Croatia IBAN validator
How the IBAN format works
- Format
- HR + 2 check digits + 7-digit bank code + 10-digit account number (21 chars)
- Example
- HR1210010051863000160
Things to watch for
- 21 characters total, all numeric
^HR[0-9]{2}[0-9]{7}[0-9]{10}$A Croatian IBAN is 21 characters, entirely numeric after the country code: “HR”, two check digits, a 7-digit bank code, and a 10-digit account number. The 7-digit bank code is longer than the 3- to 5-digit codes used by many other European countries, a holdover from how Croatia’s domestic banking system numbered institutions before IBAN standardization arrived. Anyone paying a Croatian supplier, sending money to family in Croatia, or filling in a SEPA transfer form needs all 21 digits correct — with no letters anywhere in the format, a single mistyped digit is the only way a Croatian IBAN typically goes wrong.
How this validator works
This tool checks the “HR” prefix, confirms the bank-code block is 7 digits and the account-number block is 10 digits, then runs the real mod-97 checksum (ISO 7064) Croatian banks use to generate a valid IBAN — entirely client-side in your browser, nothing sent to a server, no signup required.
What a pass doesn’t tell you
A pass confirms the 21 digits are correctly formed and internally consistent — not that the account exists, is open, or belongs to whoever you expect. This tool does no bank-code-to-bank-name resolution and never contacts the Croatian National Bank or any commercial bank. If a Croatian IBAN fails, re-check the boundary between the 7-digit bank code and the 10-digit account number first — because both are plain digit runs with no visual separator, it’s easy to shift a digit across that boundary when copying by hand.
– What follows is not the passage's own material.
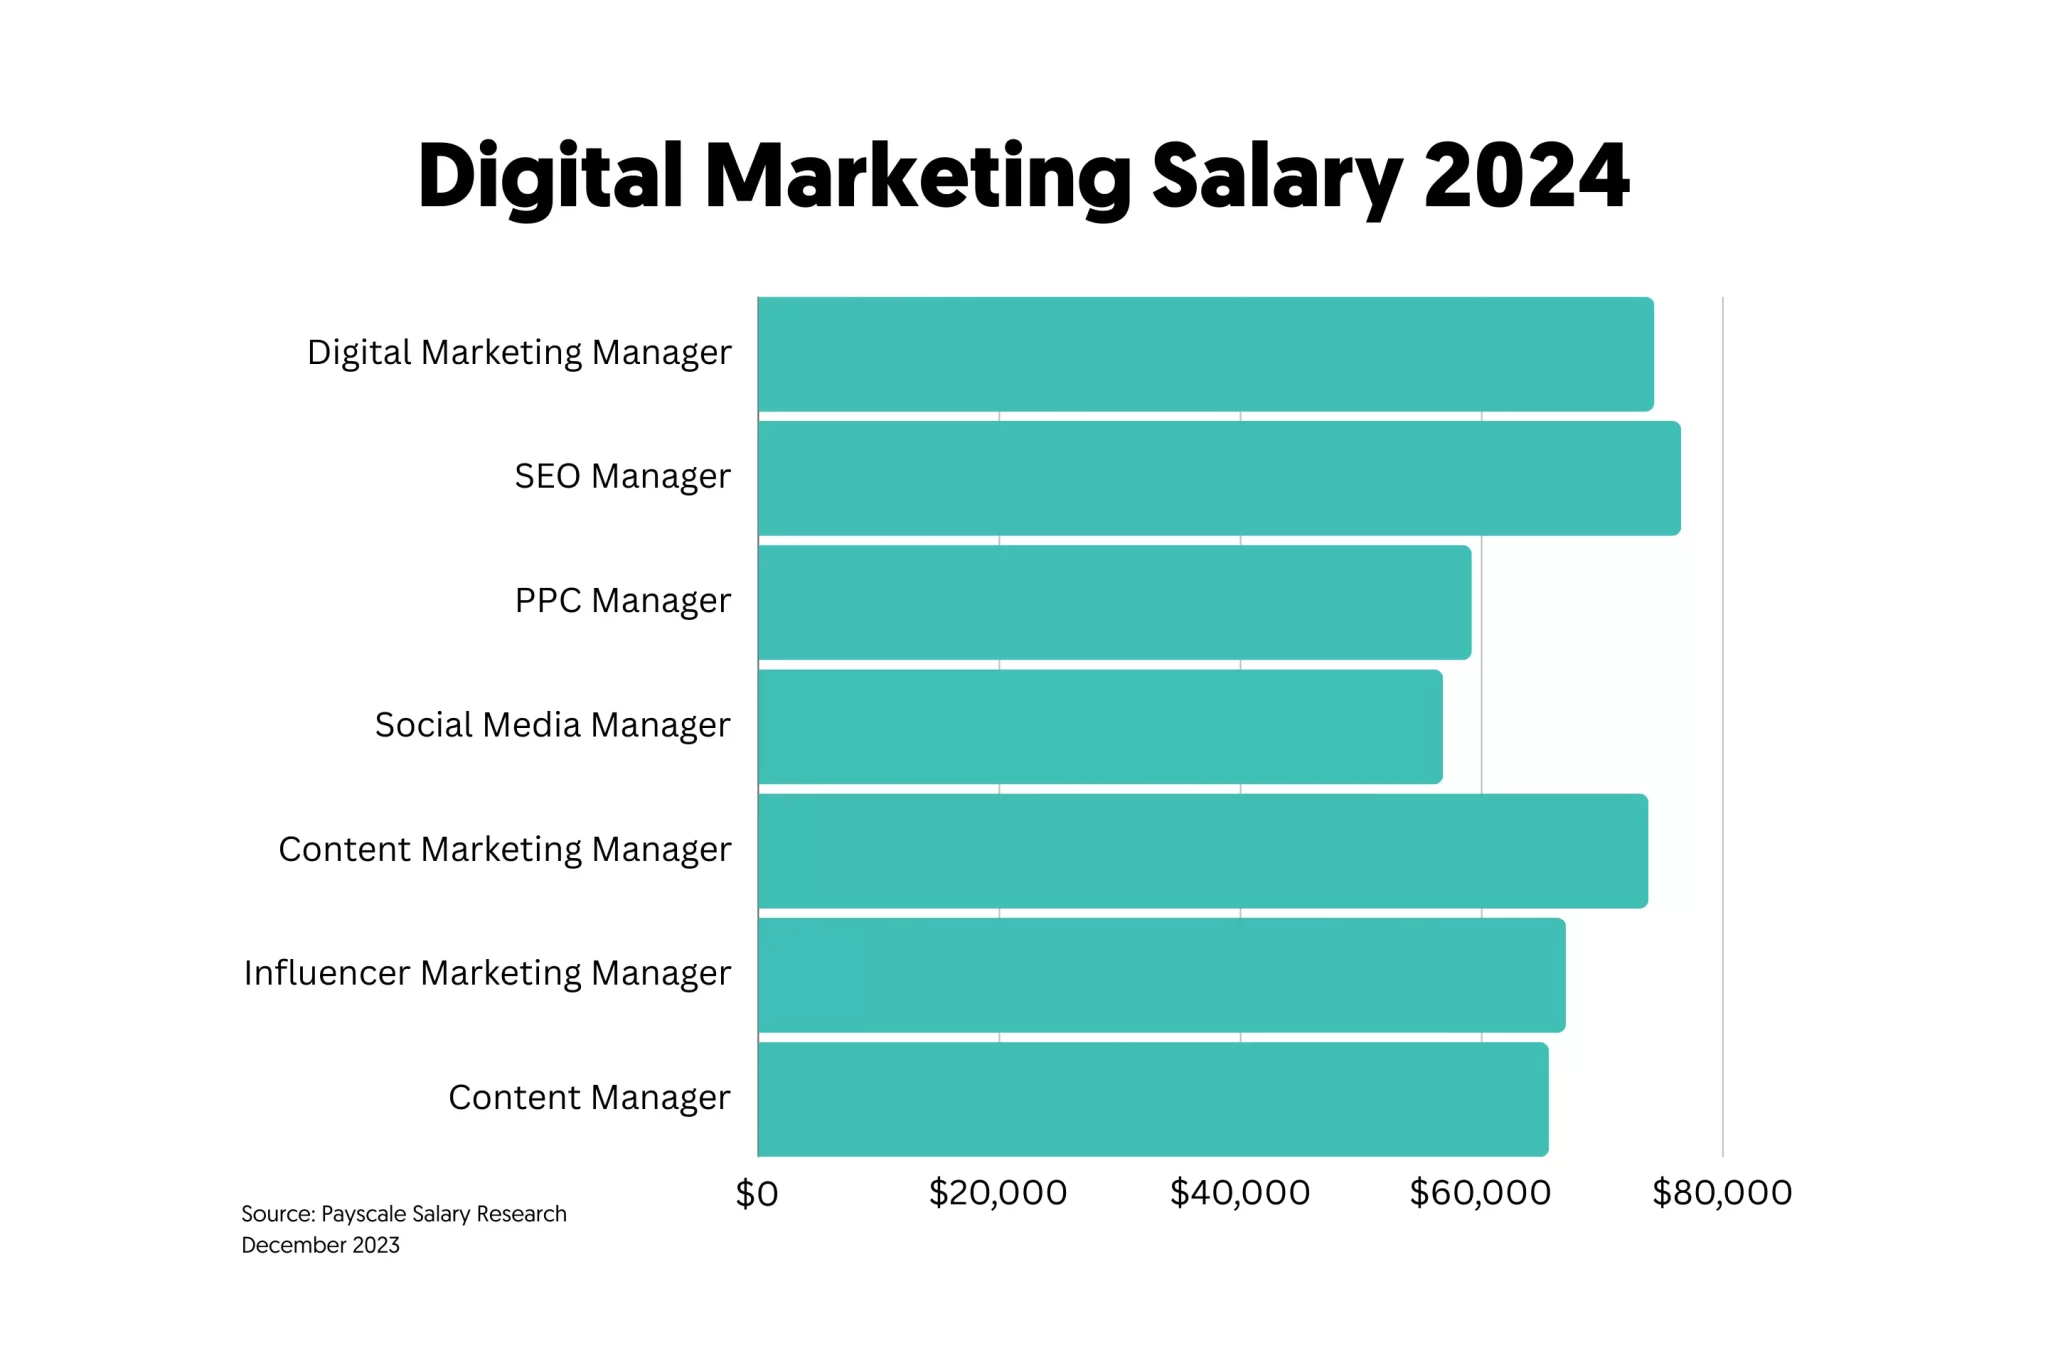 Digital Marketing Salary: How Much Do Digital Marketers Make 2024

Scope: Croatian IBAN structure and mod-97 checksum validation only — not payment processing, bank-name lookup, or confirming an account is active, none of which a client-side check can establish. Use this validator to catch a typo before a transfer fails; use your bank to confirm the account itself.
Content last reviewed 2026-07-07.
IBAN FAQ
What does a Croatian IBAN encode?
21 characters: 'HR', two check digits, a 7-digit bank code, and a 10-digit account number, all numeric — for example HR1210010051863000160.
Why is Croatia's bank code 7 digits when many countries use 3-5?
Croatia joined the euro area's IBAN scheme later than many members and its domestic bank identifier was already a longer numeric code under the national banking system, so the IBAN carries that existing 7-digit code forward unchanged rather than shortening it.
Does this tool confirm my Croatian IBAN's bank code belongs to a specific bank?
No. It checks structure and the mod-97 checksum only, with no bank-name lookup and no contact with the Croatian National Bank or any commercial bank. Confirming the account is open requires the account holder or your own bank.